Studies from AAN 2017 presented research examining lysosomal storage disorder (LSD) genes associated with risk of Parkinson disease, questioning whether specific mutations of GBA gene impact progression of the disease, and tackling the challenge of utilizing whole-exome sequencing to identify genes linked to Parkinson disease risk in a large cohort of unrelated subjects.From materials presented at AAN Annual Meeting, Boston, MA. Best of: Parkinson Disease session. April 23, 2017.

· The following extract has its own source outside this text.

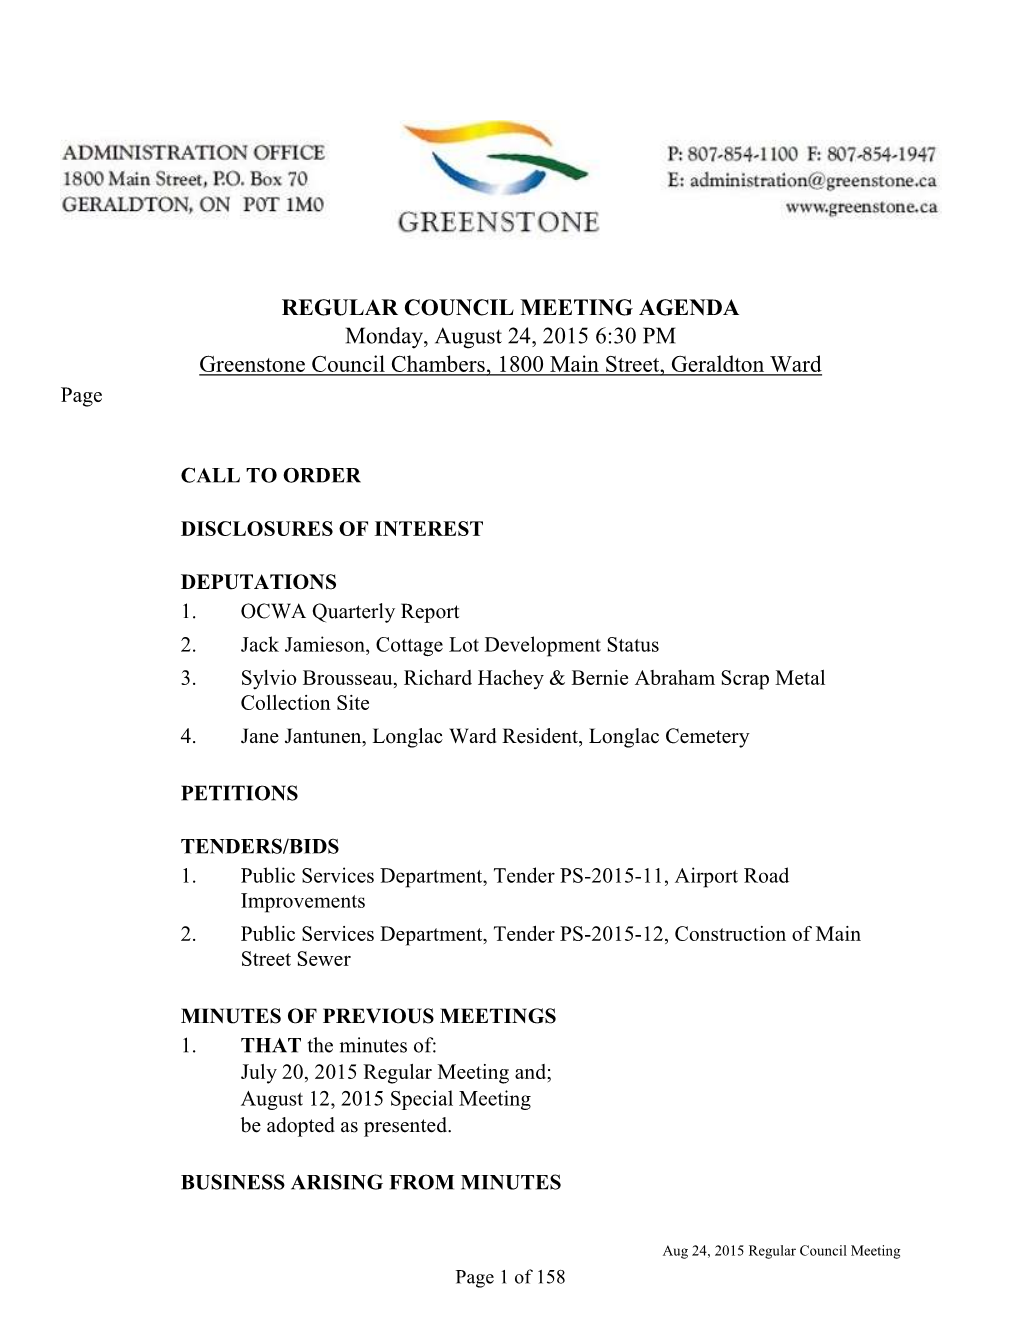 REGULAR COUNCIL MEETING AGENDA Monday, August 24, 2015 6:30 PM Greenstone Council Chambers, 1800 Main Street, Geraldton Ward Page
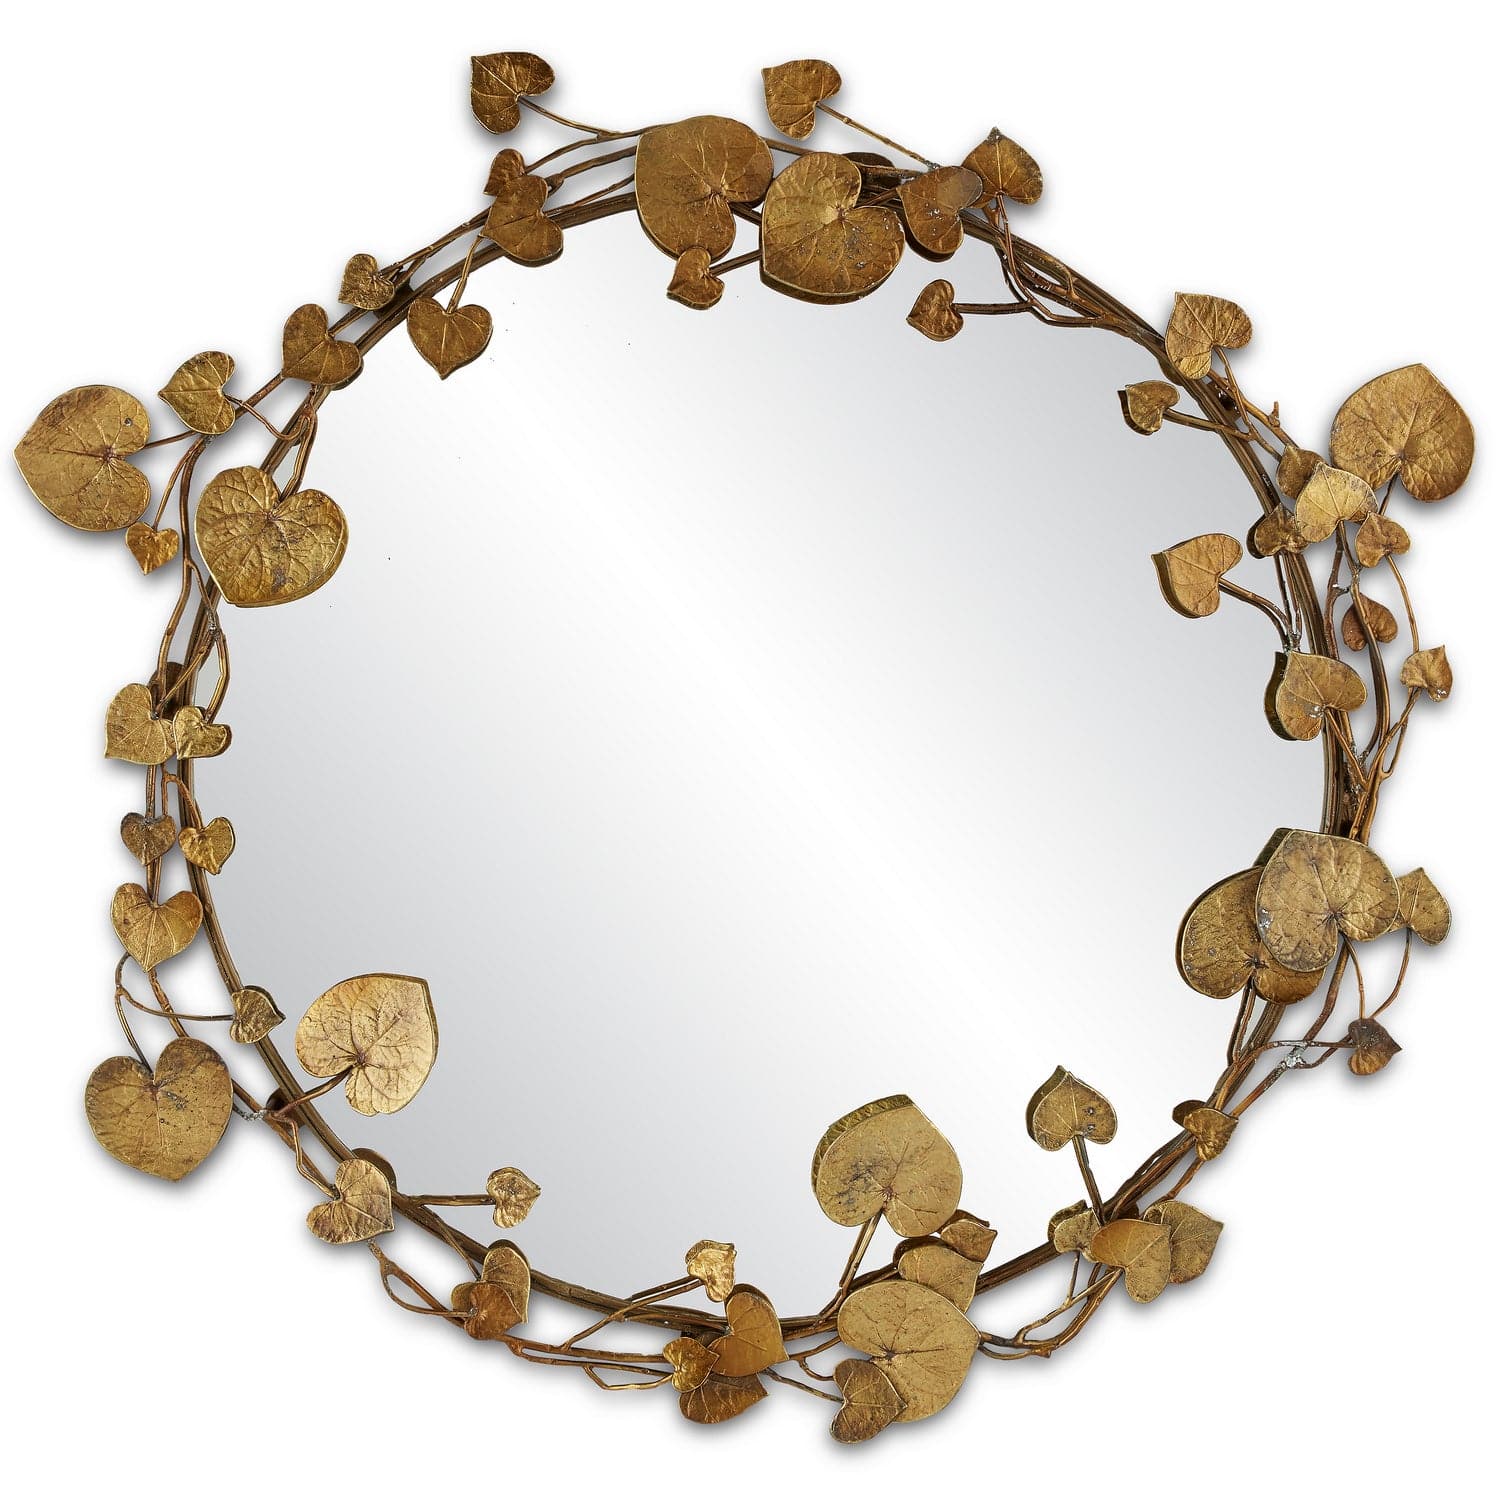 Mirror from the Vinna collection in Antique Brass/Mirror finish

Parkinson Disease: Genetic Findings
Excessive Burden of Lysosomal Storage Disorder Gene Variants in Parkinson’s Disease
In addition to GBA, which lysosomal storage disorder (LSD) genes are associated with risk of Parkinson disease?
“We propose an oligogenic model of PD, in which multiple genetic hits may act in combination to degrade lysosomal function, enhancing disease susceptibility.”
Neuropathic Gaucher’s Mutations: Shifting Parkinson’s into High Gear
Do specific mutations of GBA gene influence Parkinson disease progression?
Certain types of GBA mutations appear to be associated with more rapid cognitive decline.
Discovery and Systematic Functional Validation of Parkinson’s Disease Genes fromExome Sequencing
Can whole-exome sequencing be used to identify genes linked to Parkinson disease risk in a large cohort of unrelated subjects?
“Our integrative approach pinpoints several excellent PD susceptibility gene candidates for further investigation, and highlights a powerful experimental strategy with broad applicability for future studies of PD and other complex genetic disorders.”